The logformat.txt file describes the variables that I find of interest and that I want to use for my analysis.

  • Listing of logformat.txt
\n
%{url_effective}\t%{http_code}\t%{content_type}\t%{time_total}\t%{time_lookup}\t /
	%{time_connect}\t%{time_starttransfer}\t{size_download}\n
\n

These variables are defined as:

  • url_effective: URL used to make the final request, especially when following re-directions
  • http_code: HTTP code returned by the server when delivering the final HTML page requested
  • content_type: MIME type returned in the final HTML request
  • time_total: Total time for the transfer to complete
  • time_lookup: Time from start of transfer until DNS Lookup complete
  • time_connect: Time from start of transfer until TCP connection complete
  • time_starttransfer: Time from start of transfer until data begins to be returned from the server
  • size_download: Total number of bytes transferred, excluding headers

As time_connect and time_starttransfer are cumulative from the beginning of the transfer, you have to do some math to come up with the actual values.

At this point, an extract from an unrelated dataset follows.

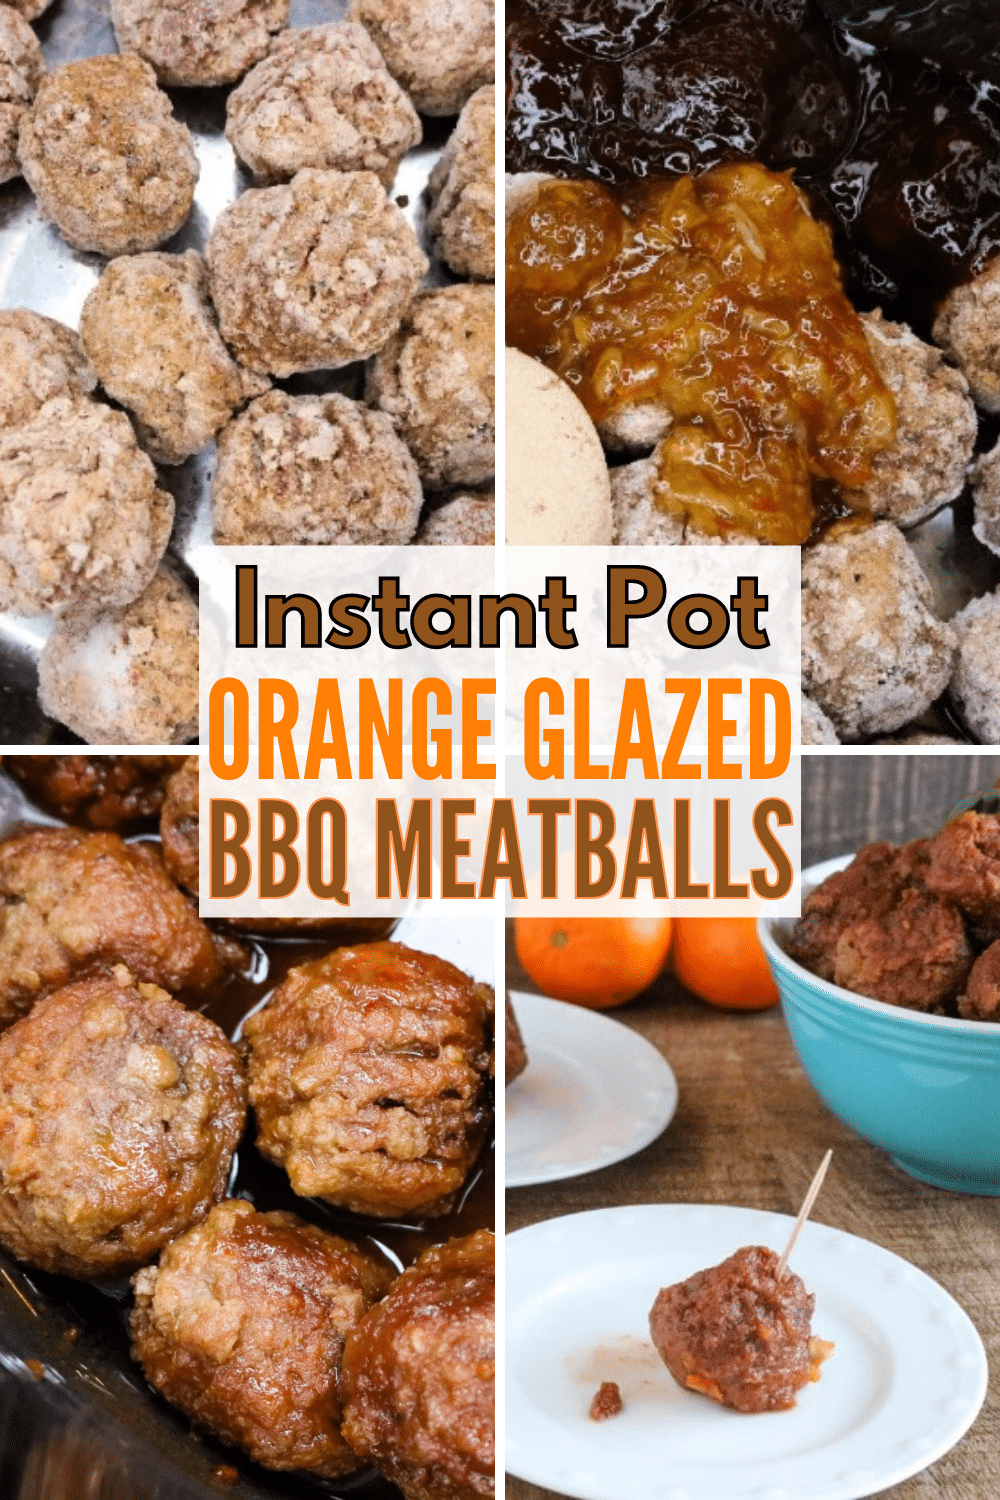 These orange glazed BBQ meatballs are so yummy! And they're also super easy to make in your Instant Pot. #instantpot #easyappetizer #kidfriendly via @wondermomwannab
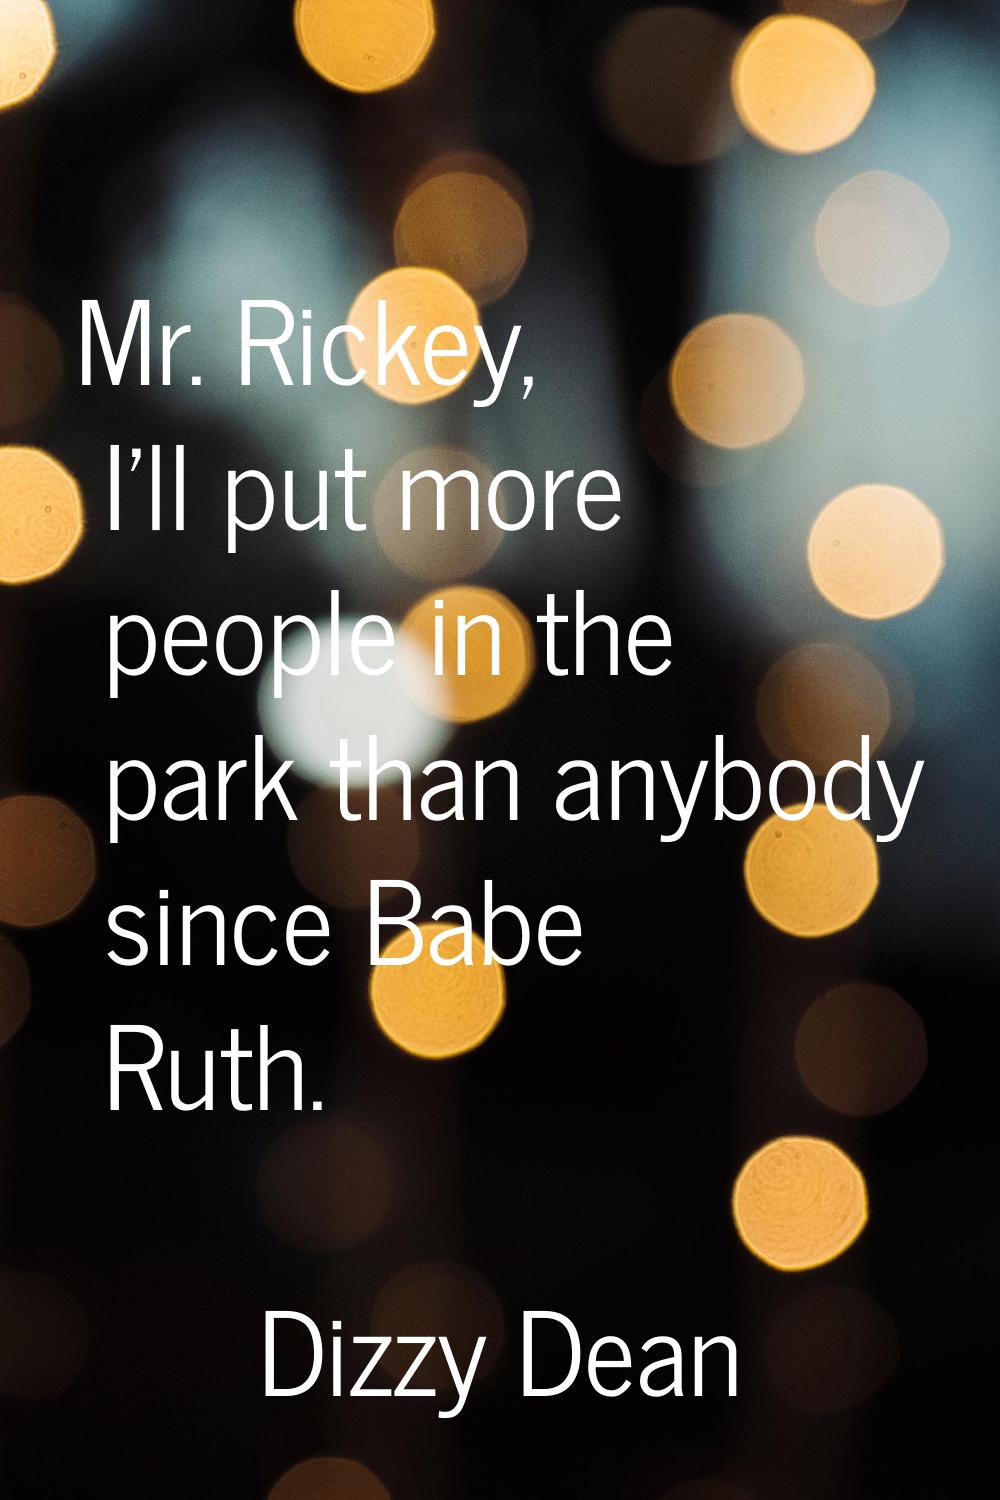 Mr. Rickey, I'll put more people in the park than anybody since Babe Ruth.

TCP Connection Time = time_connecttime_lookup
Time First Byte = time_starttransfertime_connect
Redirection Time = time_totaltime_starttransfer

If you are familiar with cURL, you may wonder why I have chosen not to write the output to a file using the -o <file> option. It appears that this option only records the output for the first file requested, even in a large list of files. I prefer to use the following command to start the test and then post-process the results using grep.

$ curl -K test_config.txt >> output_raw_1.txt
[...lines and lines of output...]
$ grep -i -r "^http://www.foobar.com/.*$" output_raw_1.txt >> output_processed_1.txt

And voila! You now have a tab delimited file you can drop into your favorite spreadsheet program to generate the necessary statistics.